Task description -> From the first line of the listing to the last, set down everything exactly, but skip the images.

Exercise data ->
= Beginning of Section =
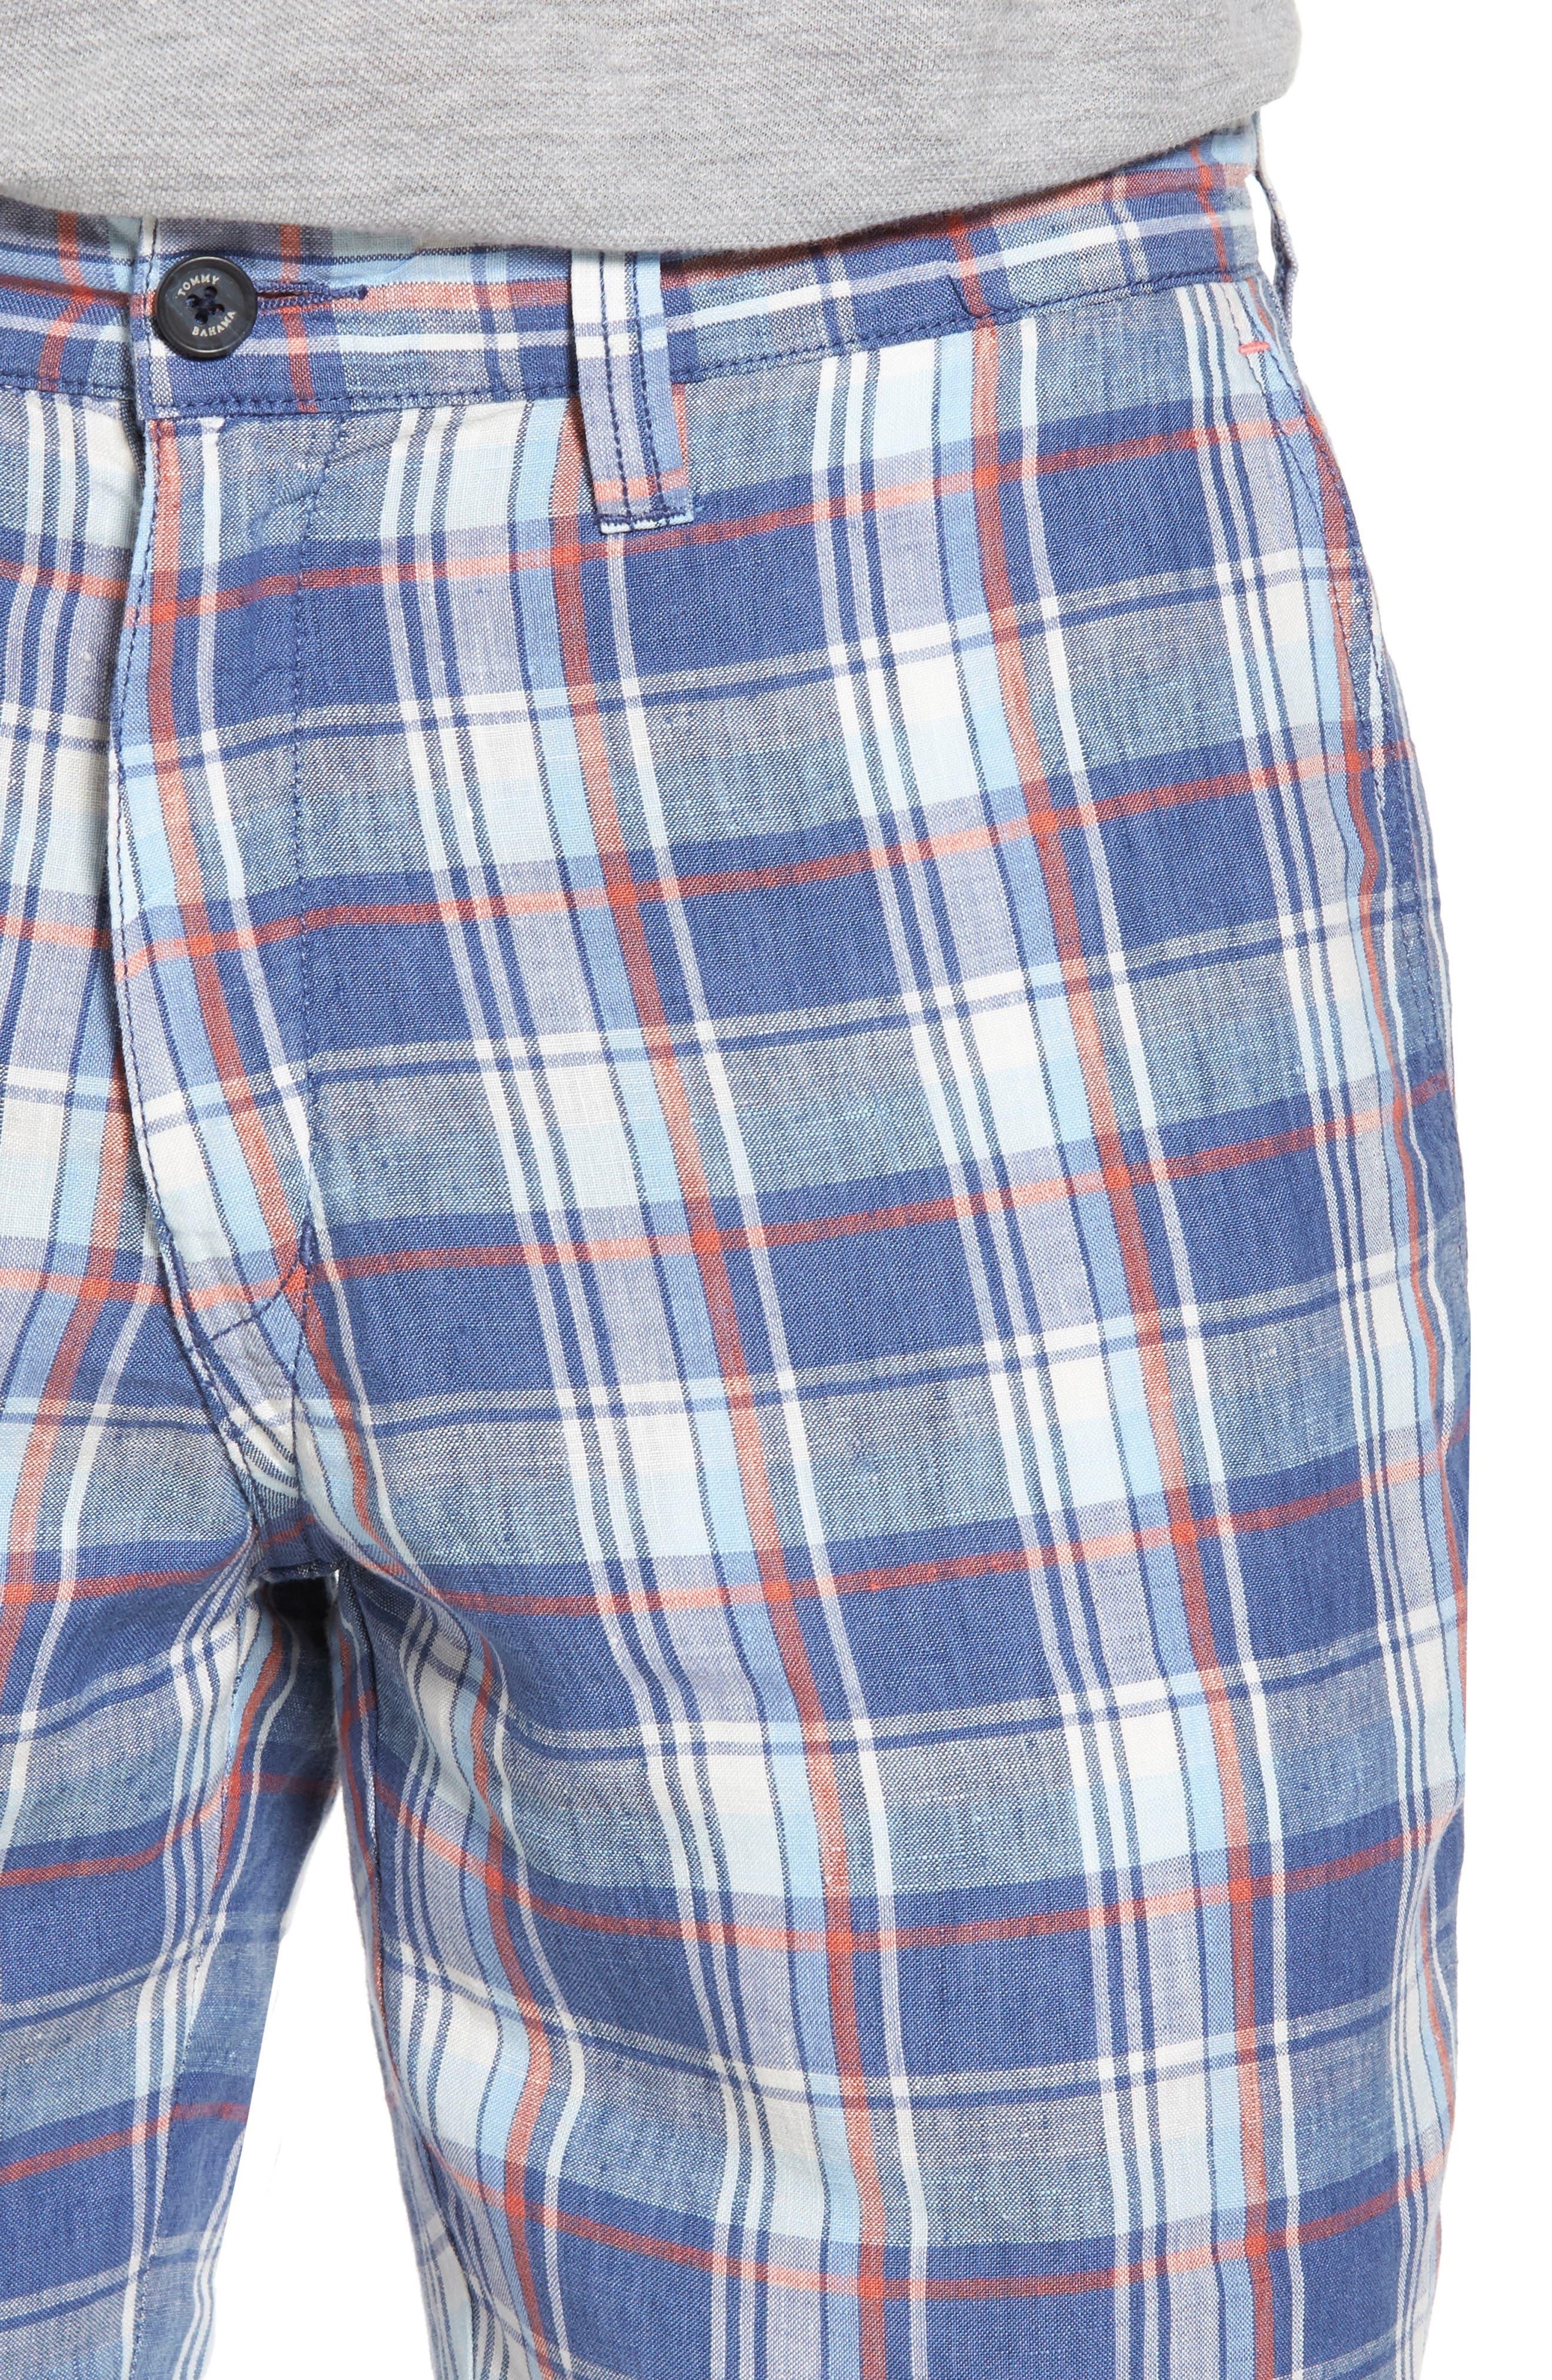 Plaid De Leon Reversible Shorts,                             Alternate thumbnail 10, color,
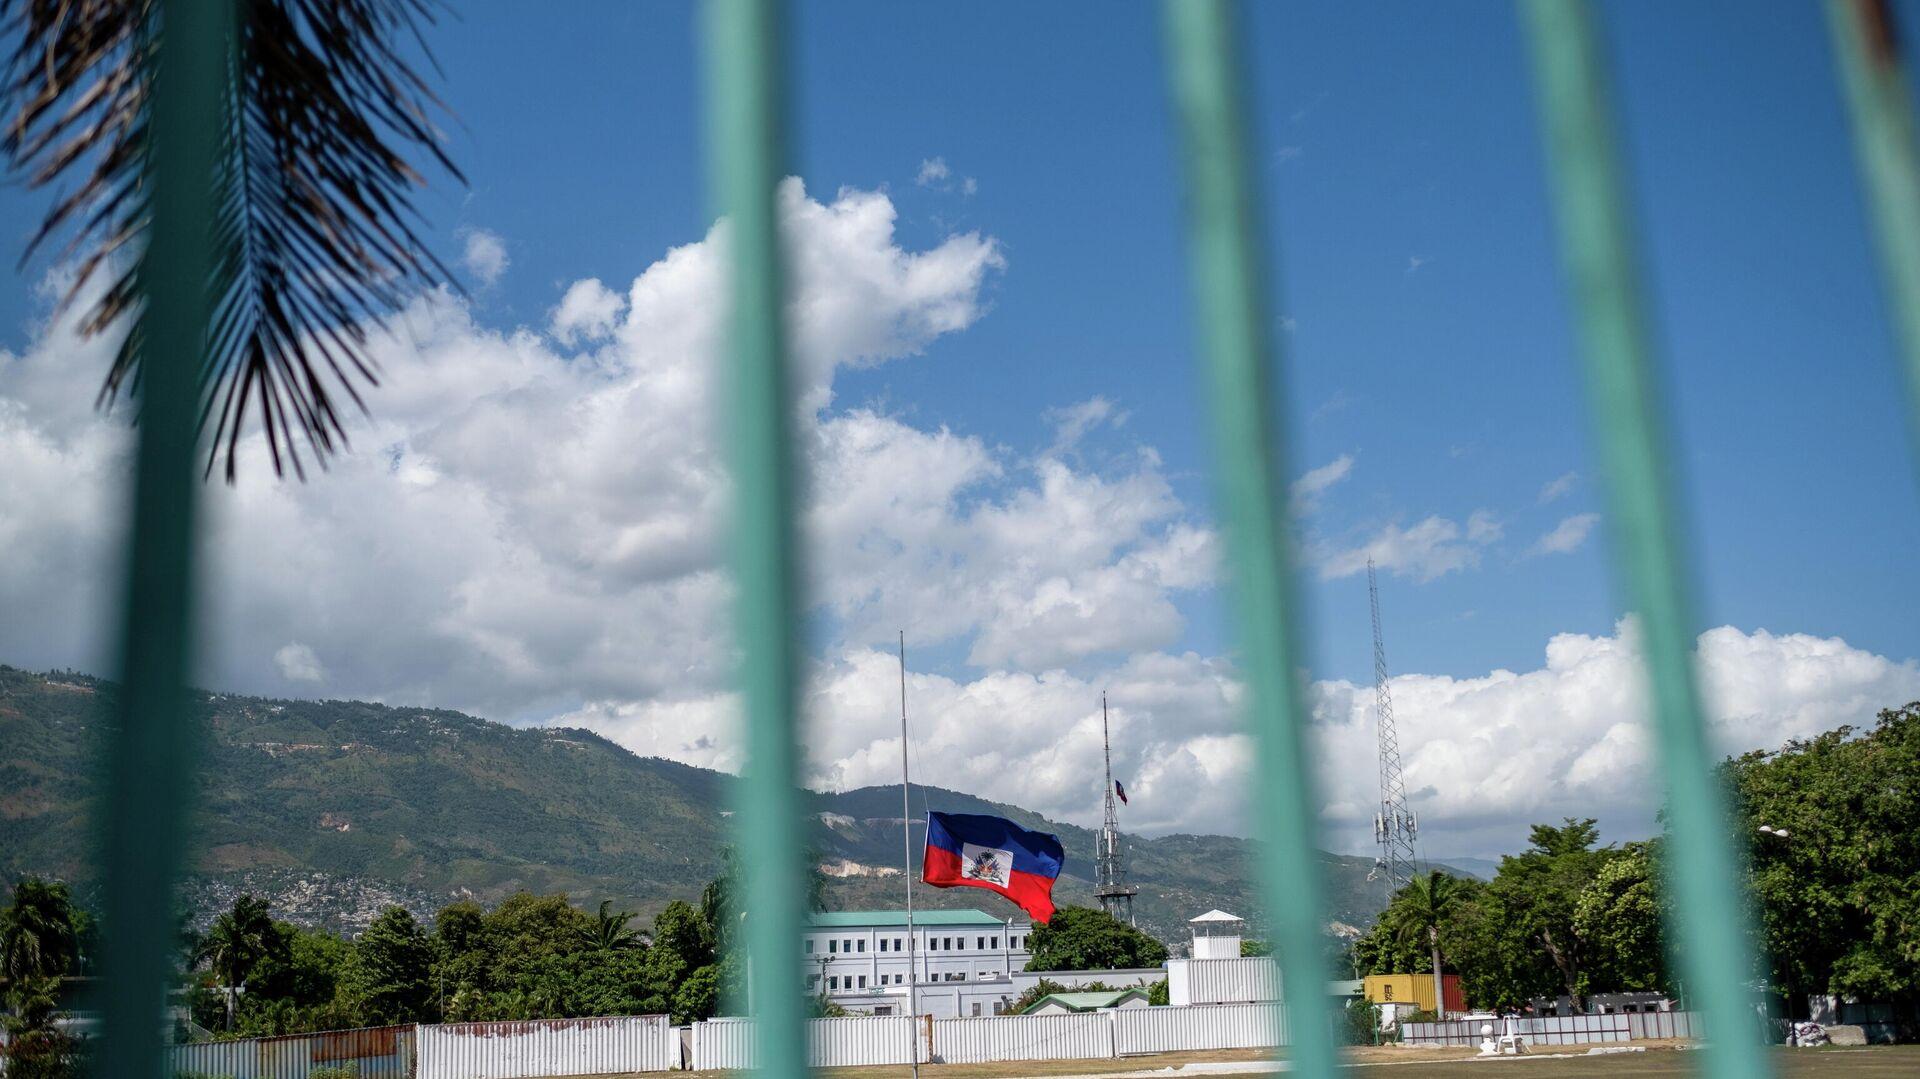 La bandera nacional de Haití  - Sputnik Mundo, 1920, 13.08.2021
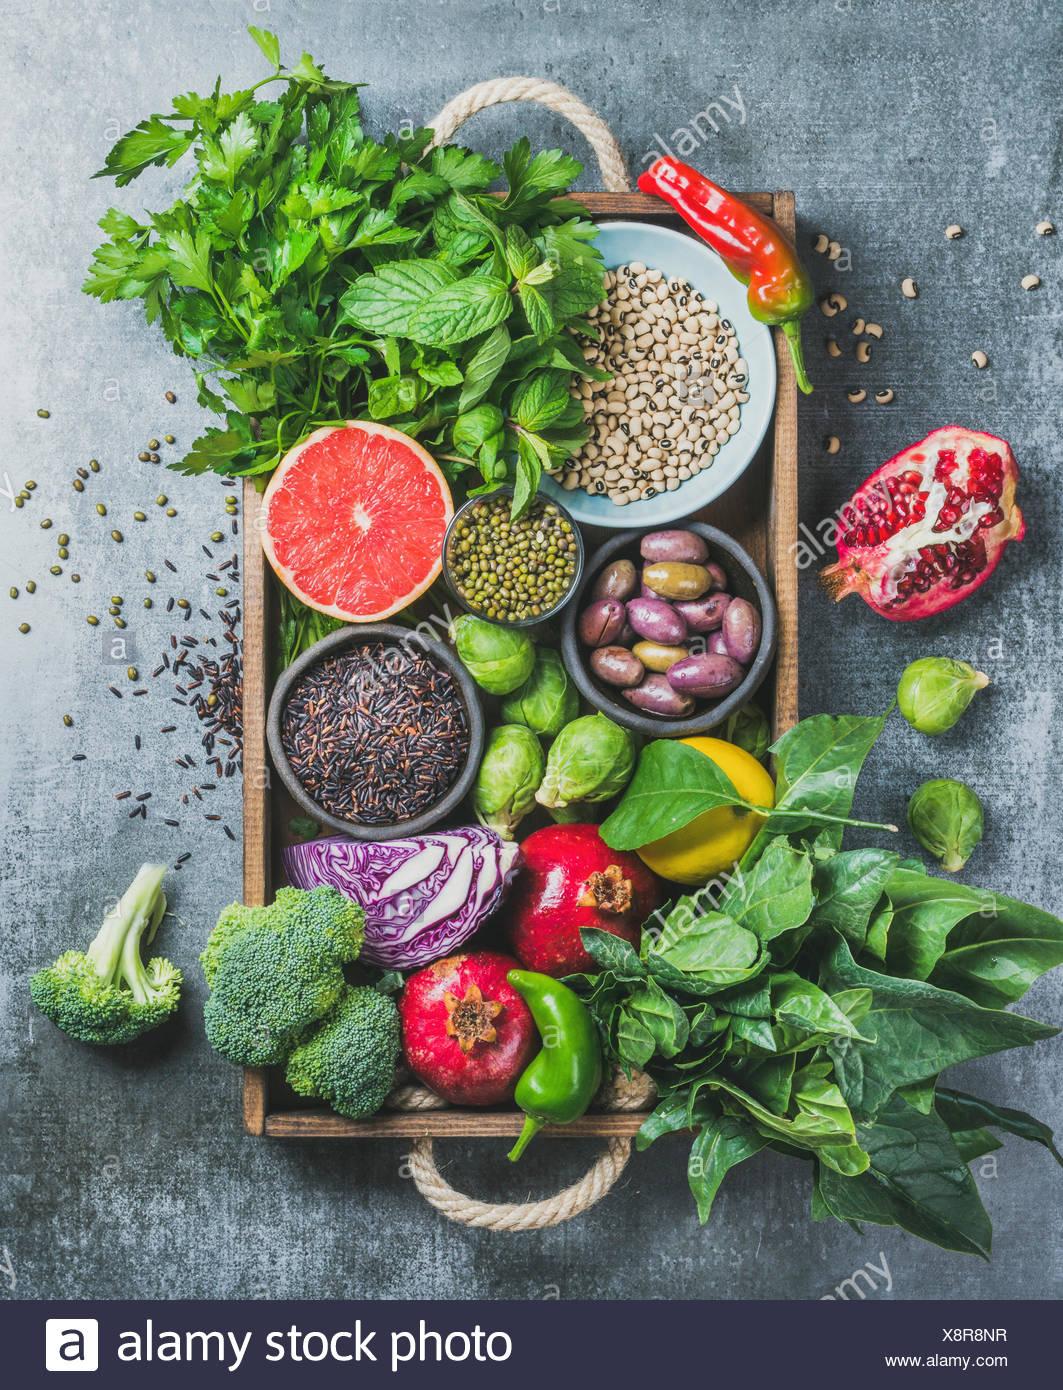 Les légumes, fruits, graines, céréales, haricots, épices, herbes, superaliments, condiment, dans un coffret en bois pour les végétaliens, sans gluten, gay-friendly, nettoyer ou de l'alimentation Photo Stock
= End of Section =
Result below ->
 Plaid De Leon Reversible Shorts,                             Alternate thumbnail 10, color,
 La bandera nacional de Haití  - Sputnik Mundo, 1920, 13.08.2021
 Les légumes, fruits, graines, céréales, haricots, épices, herbes, superaliments, condiment, dans un coffret en bois pour les végétaliens, sans gluten, gay-friendly, nettoyer ou de l'alimentation Photo Stock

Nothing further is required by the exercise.